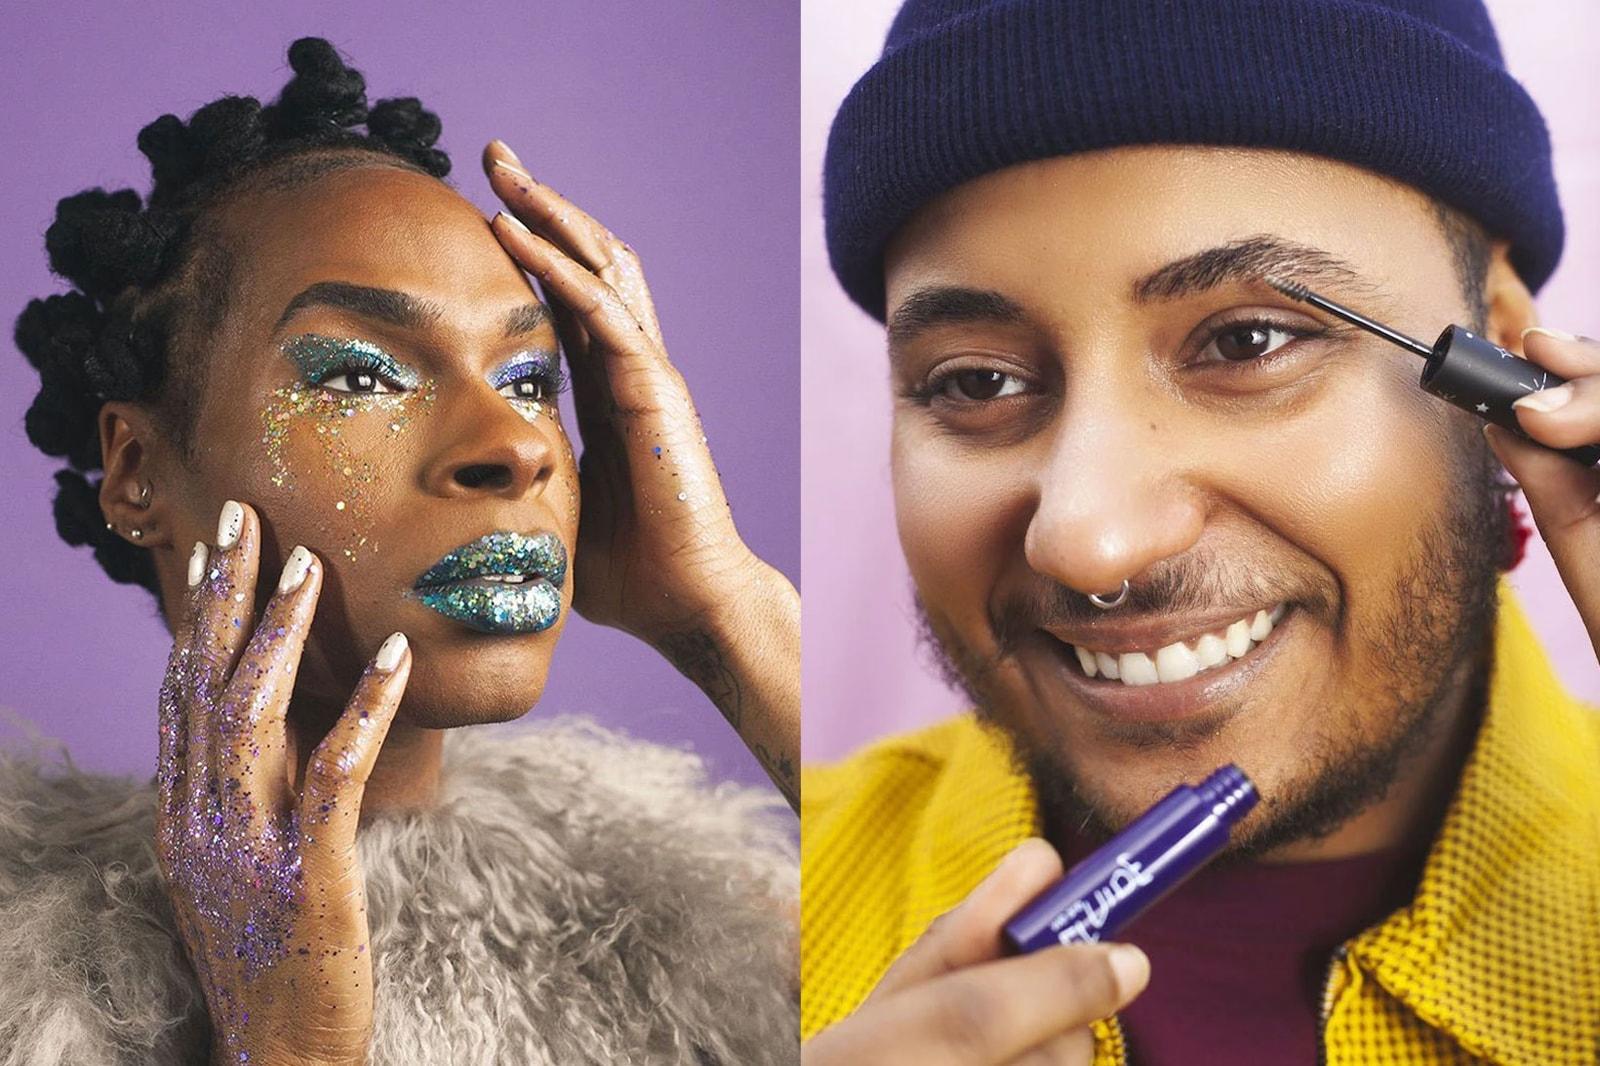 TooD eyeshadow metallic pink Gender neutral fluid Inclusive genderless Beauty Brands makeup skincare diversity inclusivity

┄┄┄┄┄┄

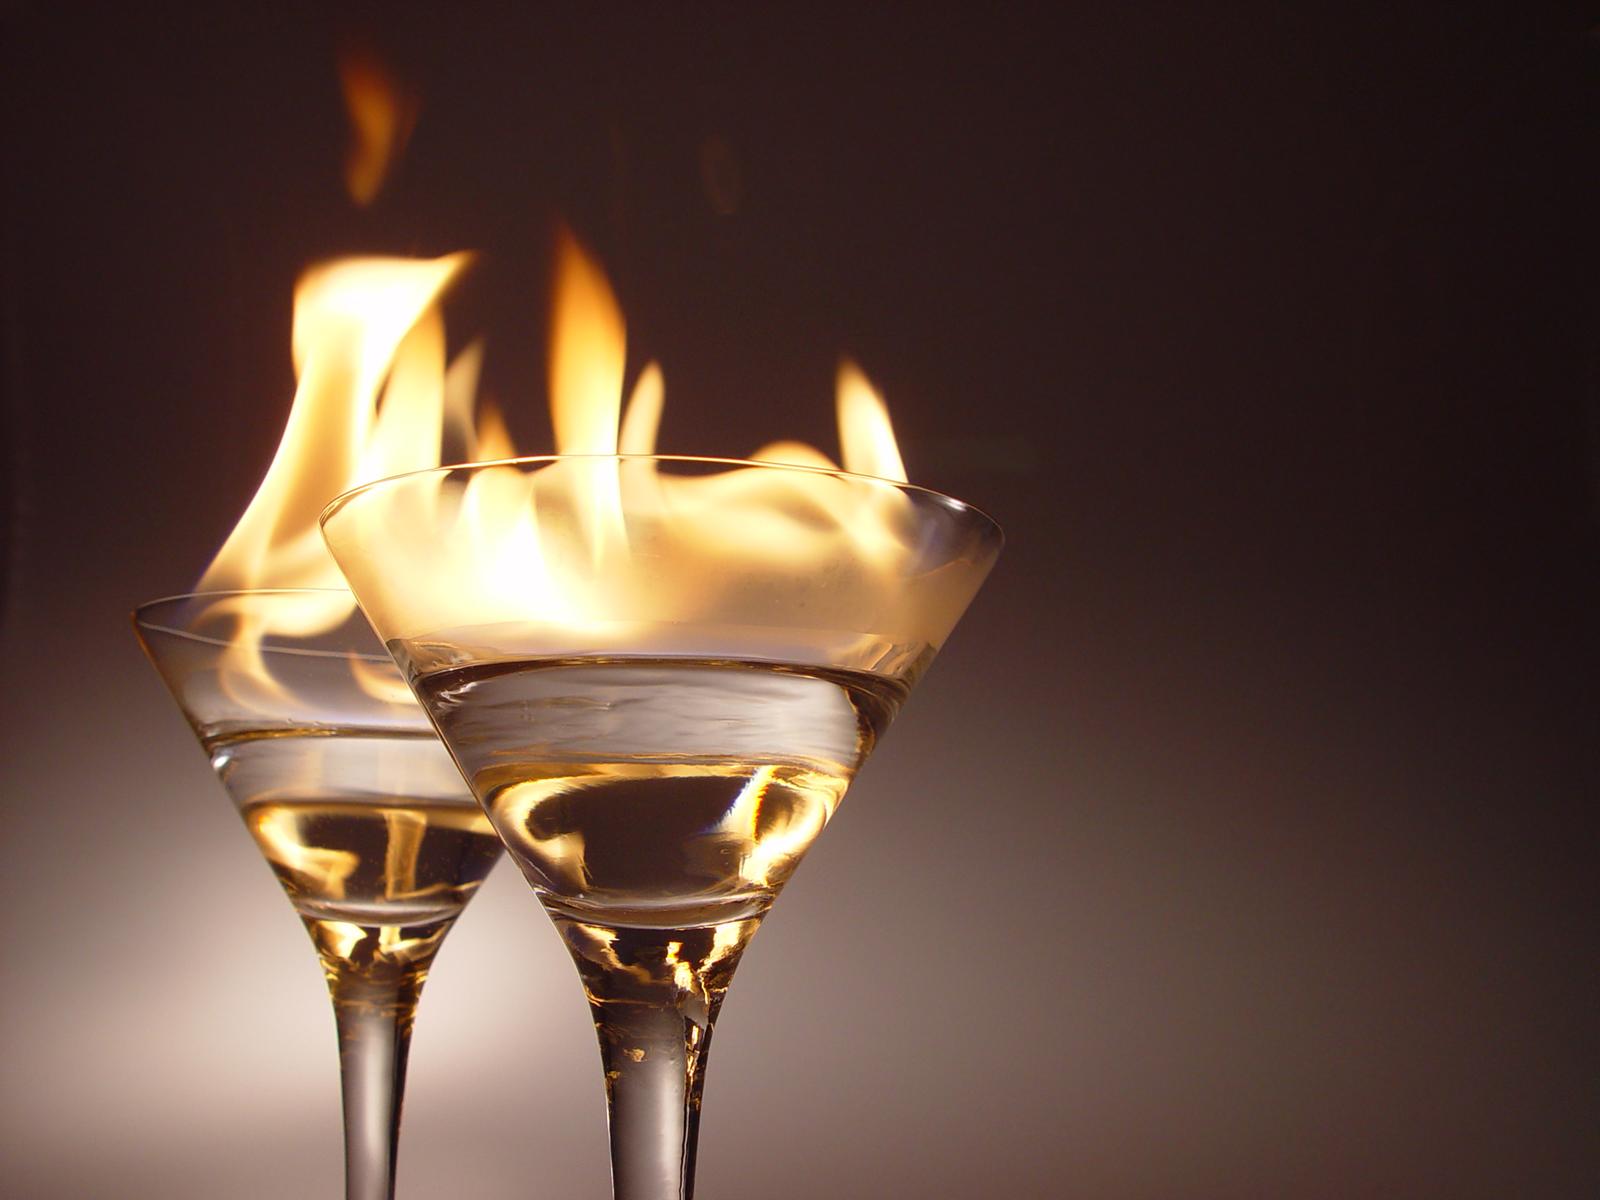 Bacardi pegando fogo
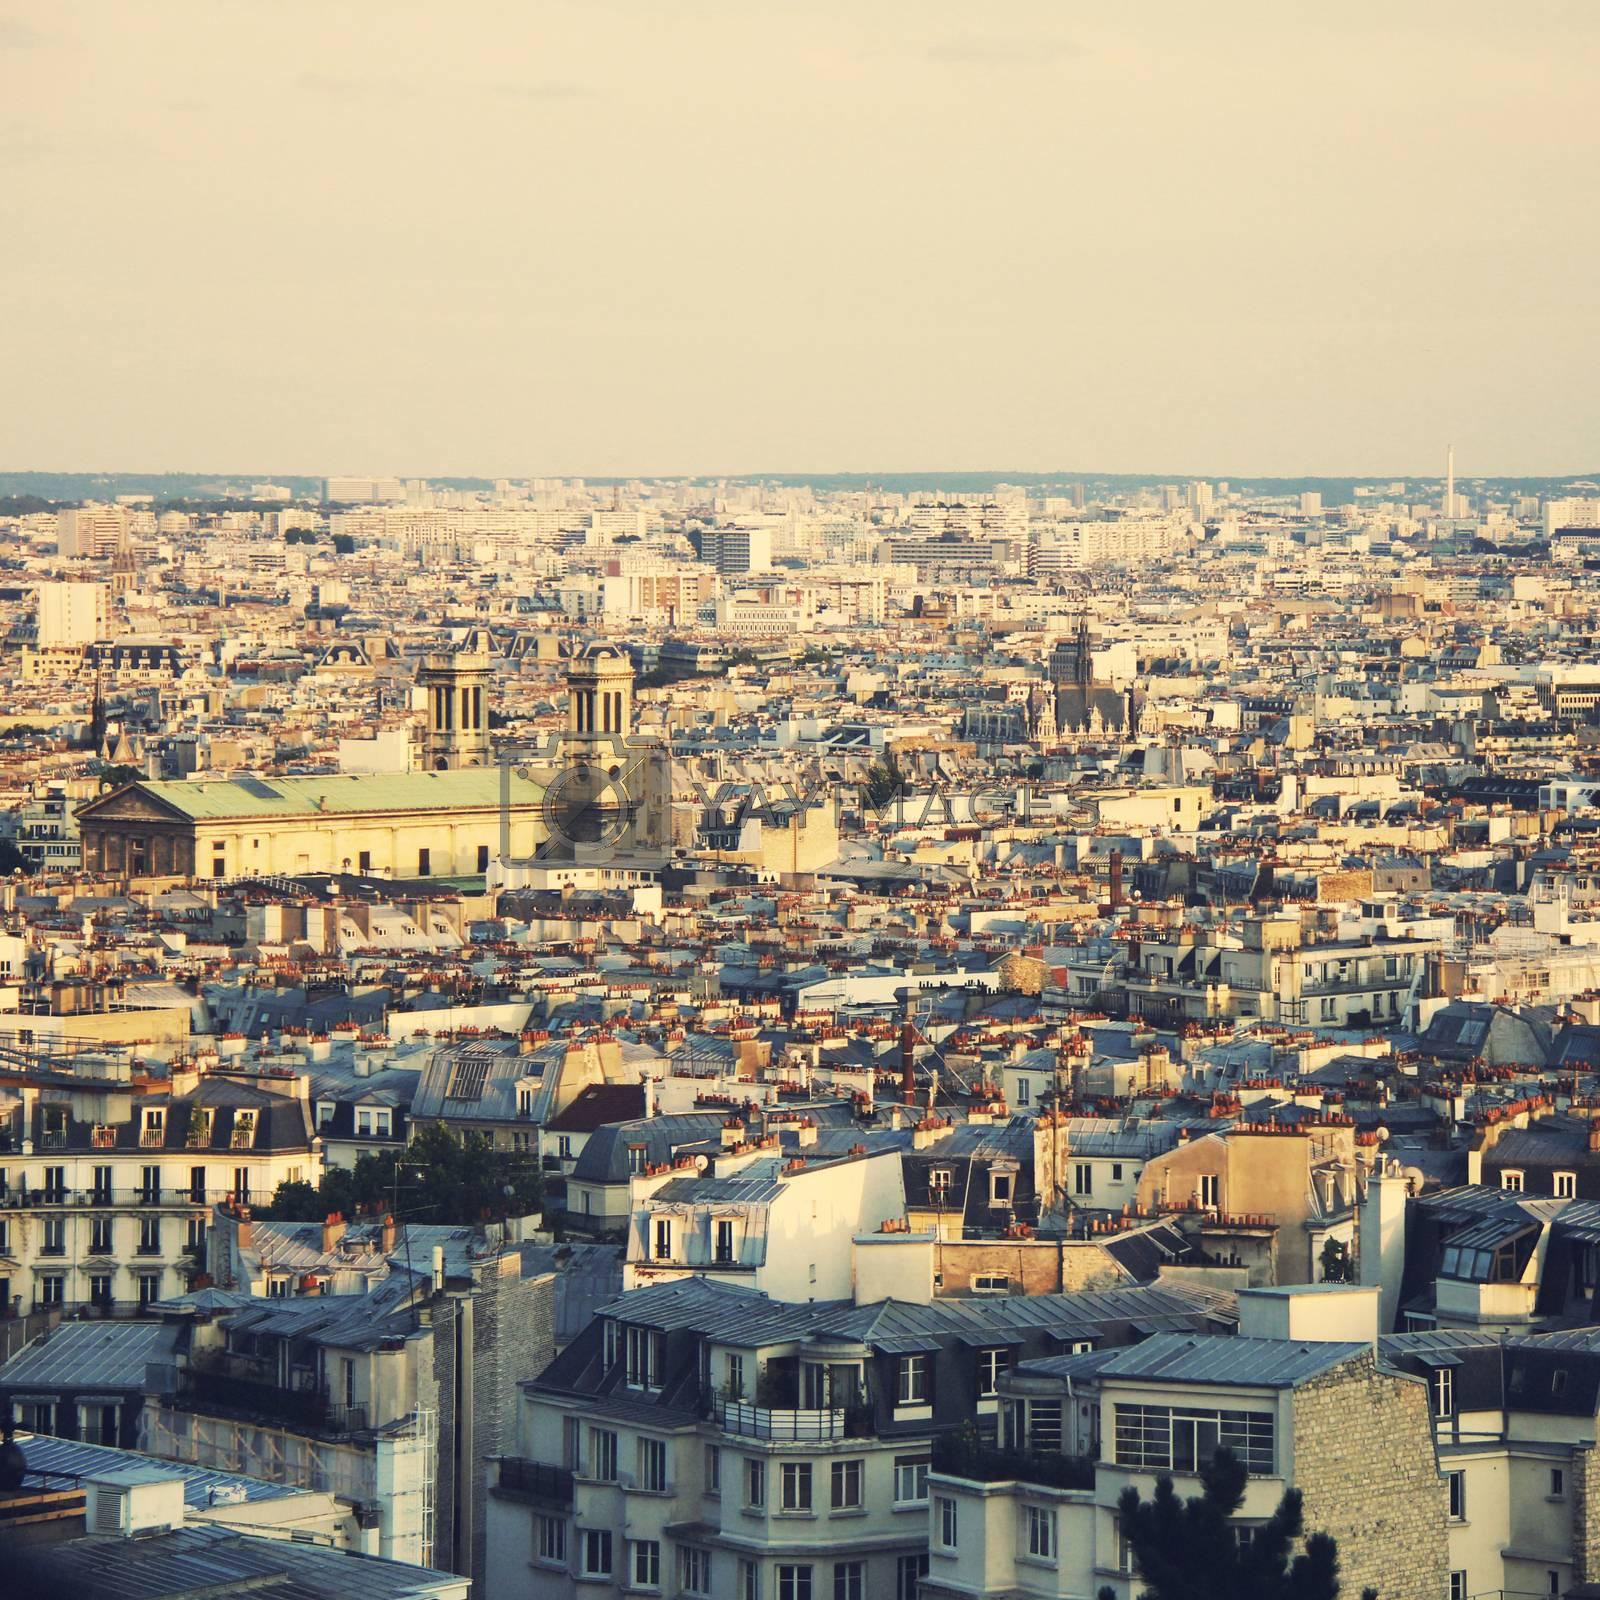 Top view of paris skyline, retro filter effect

┄┄┄┄┄┄

- Task statement
Range to copy from the listing above: the line with "Bacardi pegando fogo" through the line with "Top view of". Transcribe it exactly and skip the pictures.

- Solution for this problem
 Bacardi pegando fogo
 Top view of paris skyline, retro filter effect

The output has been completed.